Он ел, аппетитно прихлебывая и время от времени выбирая крошки из бороды. Моргал белесыми ресницами, глаза его светло голубели, и было в них телячье благодушие.

Ей было неприятно, как он ел — хлебал, прихлебывал, обсасывал кости, ел много, долго, вальяжно. Он очень заботился о своем здоровье, во всяком случае любил говорить об этом, а сам год от года рыхлел. Сначала ей даже нравилось ухаживать за ним, и она подмечала странное в себе — почти рабское желание подчиняться ему и в то же время едва ли не материнское стремление оборонить и защитить его — точно он был каким-то беспомощным.
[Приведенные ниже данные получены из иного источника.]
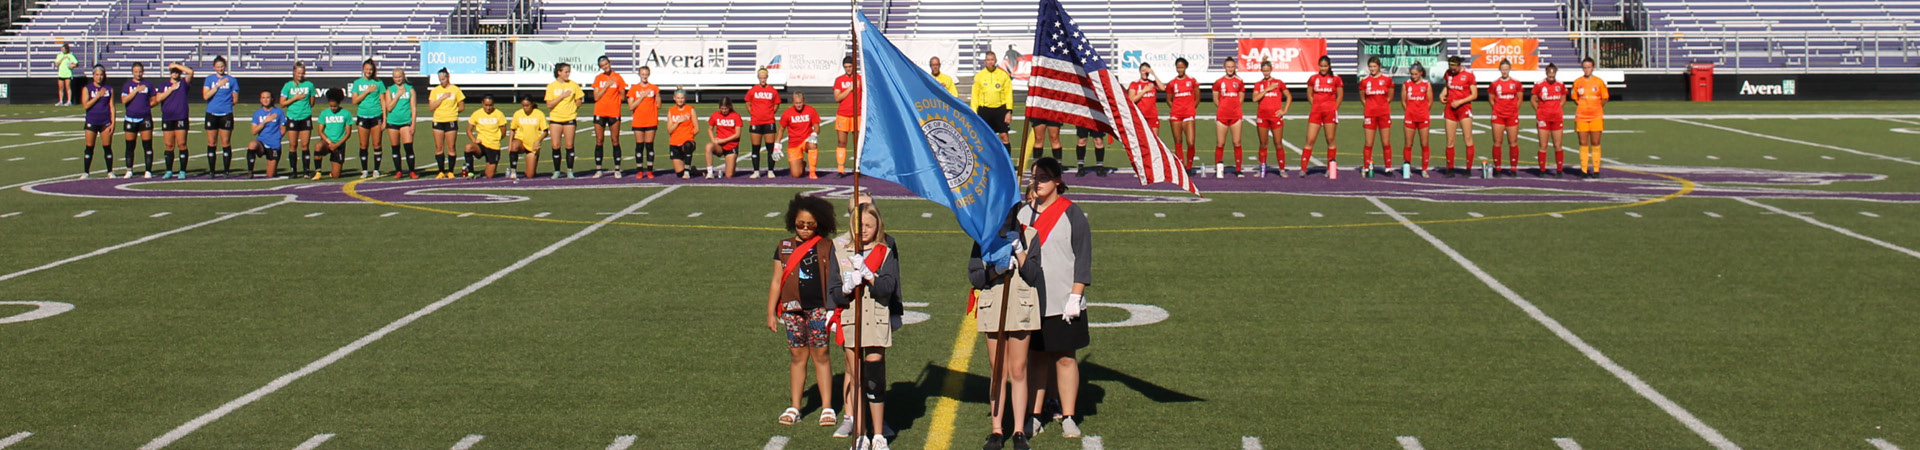  girl scouts present the colors at a soccer game 
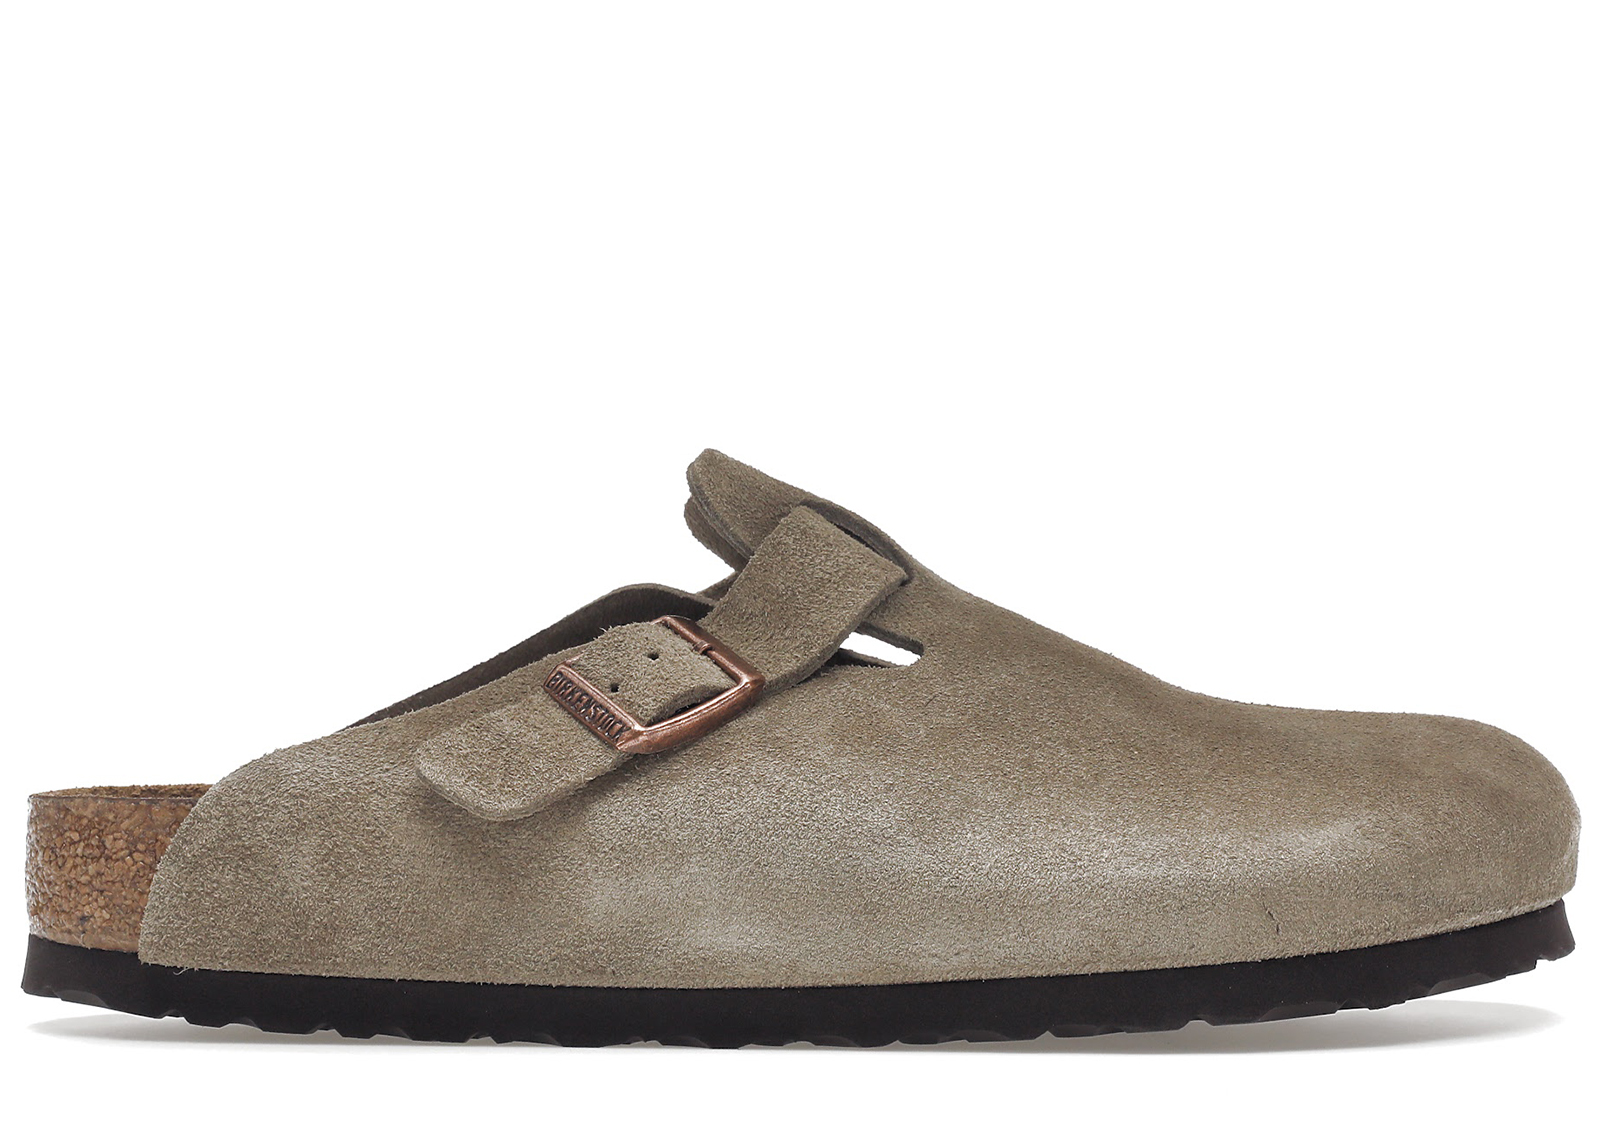 Birkenstock Boston Soft Footbed Suede Taupe

Ее часто коробило от его мужланской грубости, неожиданных слов и причуд, но она сносила все это, увещевая себя, что сумеет со временем повлиять на него и в конце концов он с годами помягчеет, что это у него какой-то затянувшийся «подростковый возраст». Ей страстно хотелось подчинить его, посадить, как медведя, на цепочку. Сломить такого сильного и самобытного — в этом была проверка своих сил, что ли? А может быть, эта мысль появилась уже потом, и она хотела доказать самой себе, что должна и в силах изменить его, хотя кому это надо? — мелькало иногда.

Он был гуляка и Моцарт, — как он сам о себе говорил.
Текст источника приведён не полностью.